## [Work task]
Please copy the lines below, exactly as they are, from the one with "Ranunculaceae worsley kumgang" through the one with "A swimming out", and leave out the pictures.

## [Data extracts]
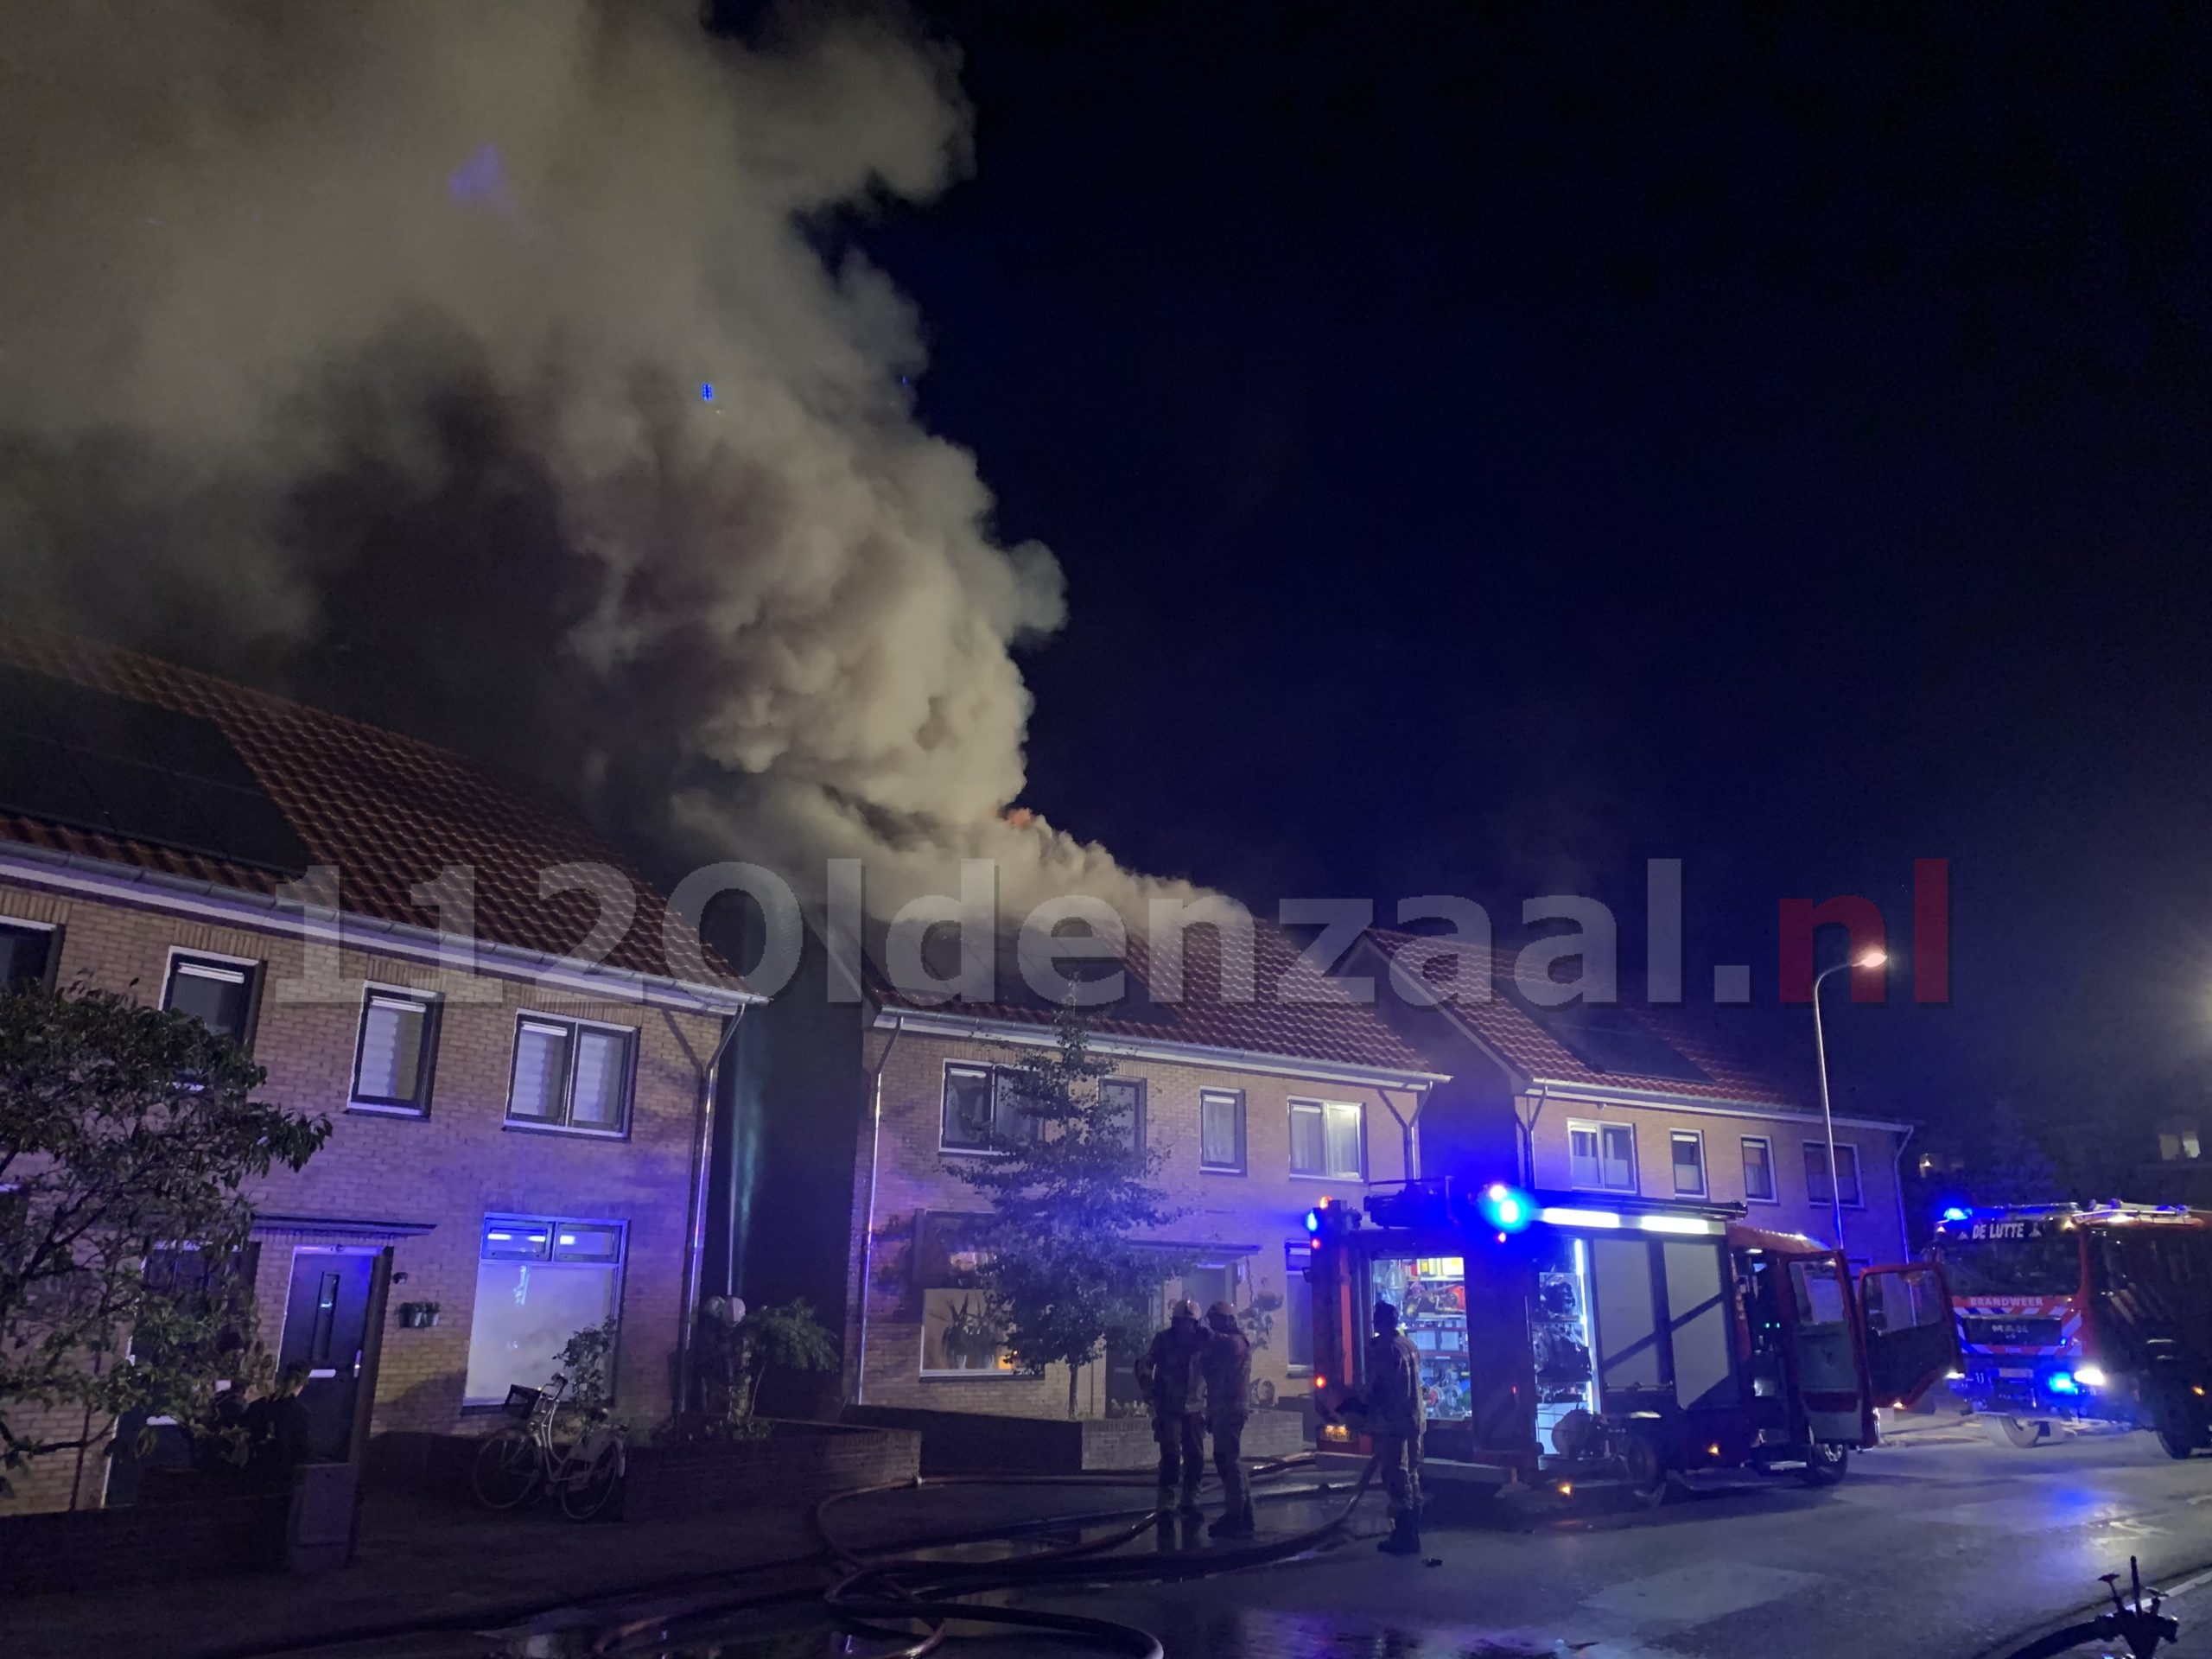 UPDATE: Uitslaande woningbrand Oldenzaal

---

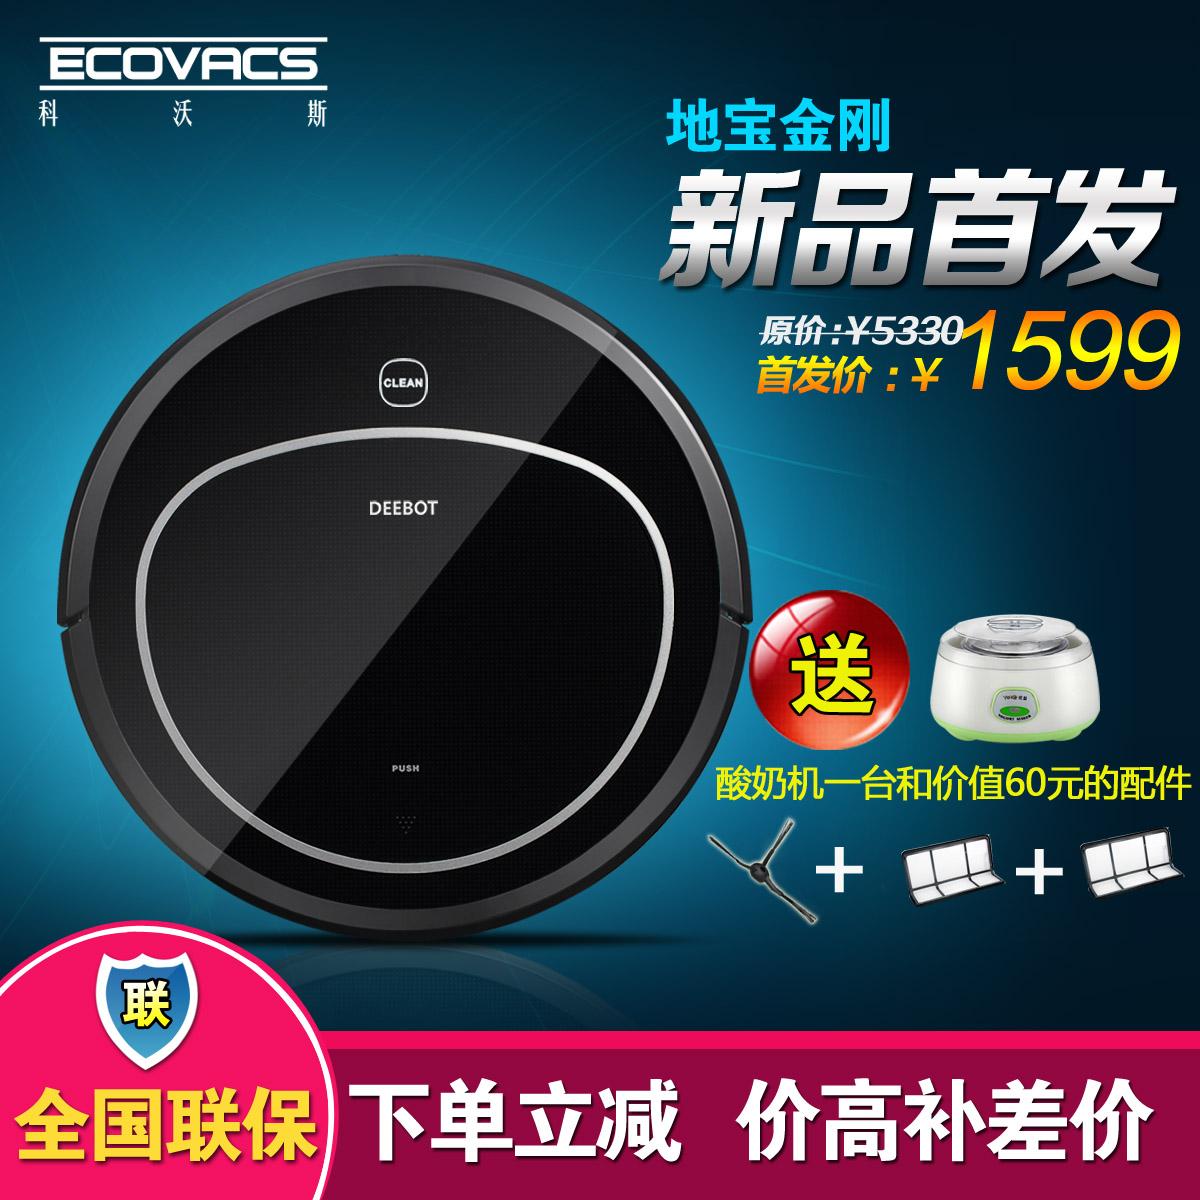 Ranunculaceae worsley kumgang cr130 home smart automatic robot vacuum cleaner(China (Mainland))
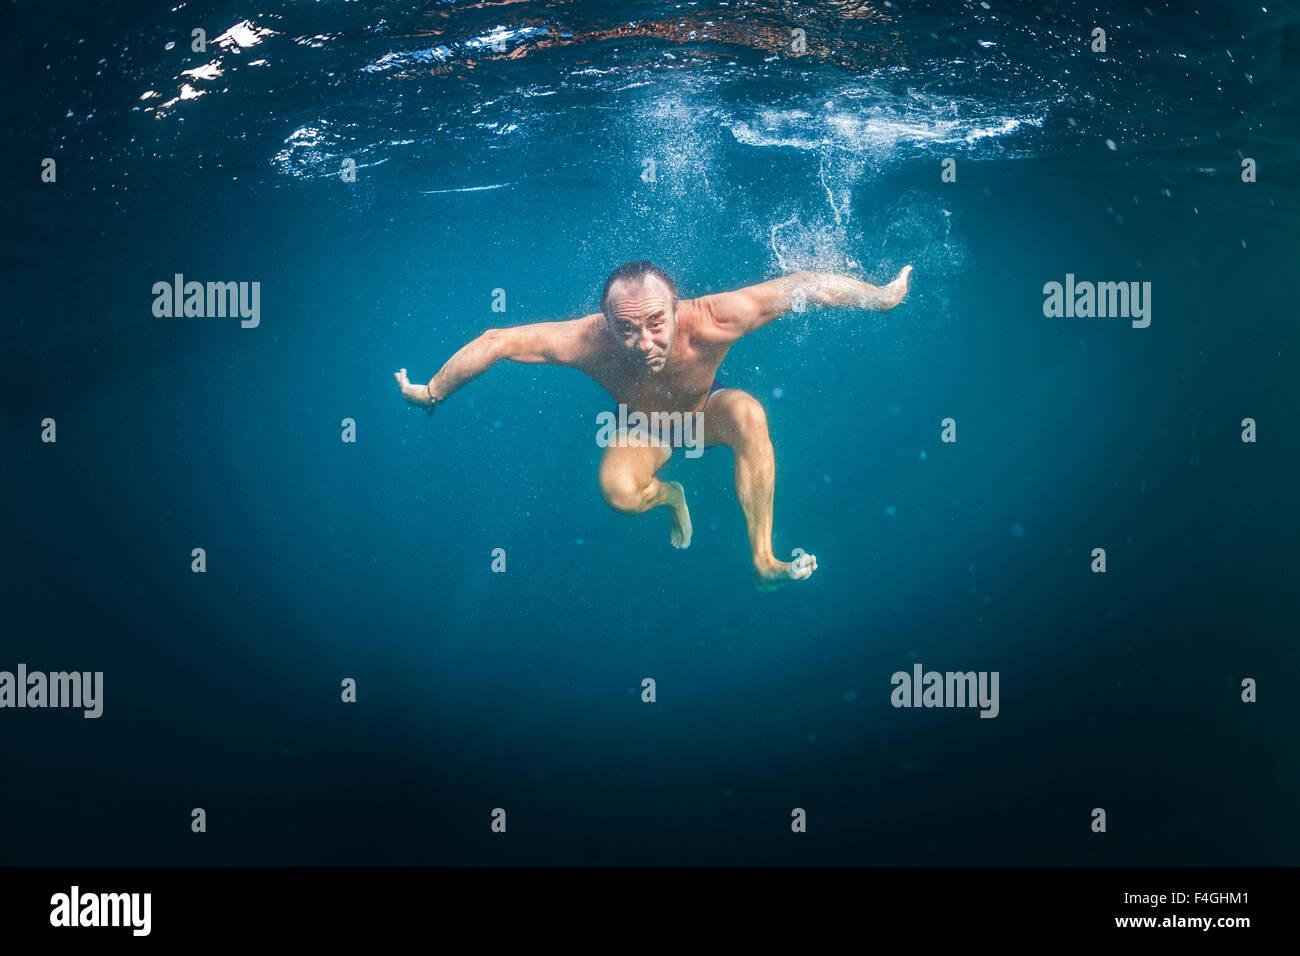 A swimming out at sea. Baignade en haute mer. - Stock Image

## [Output for this task]
 Ranunculaceae worsley kumgang cr130 home smart automatic robot vacuum cleaner(China (Mainland))
 A swimming out at sea. Baignade en haute mer. - Stock Image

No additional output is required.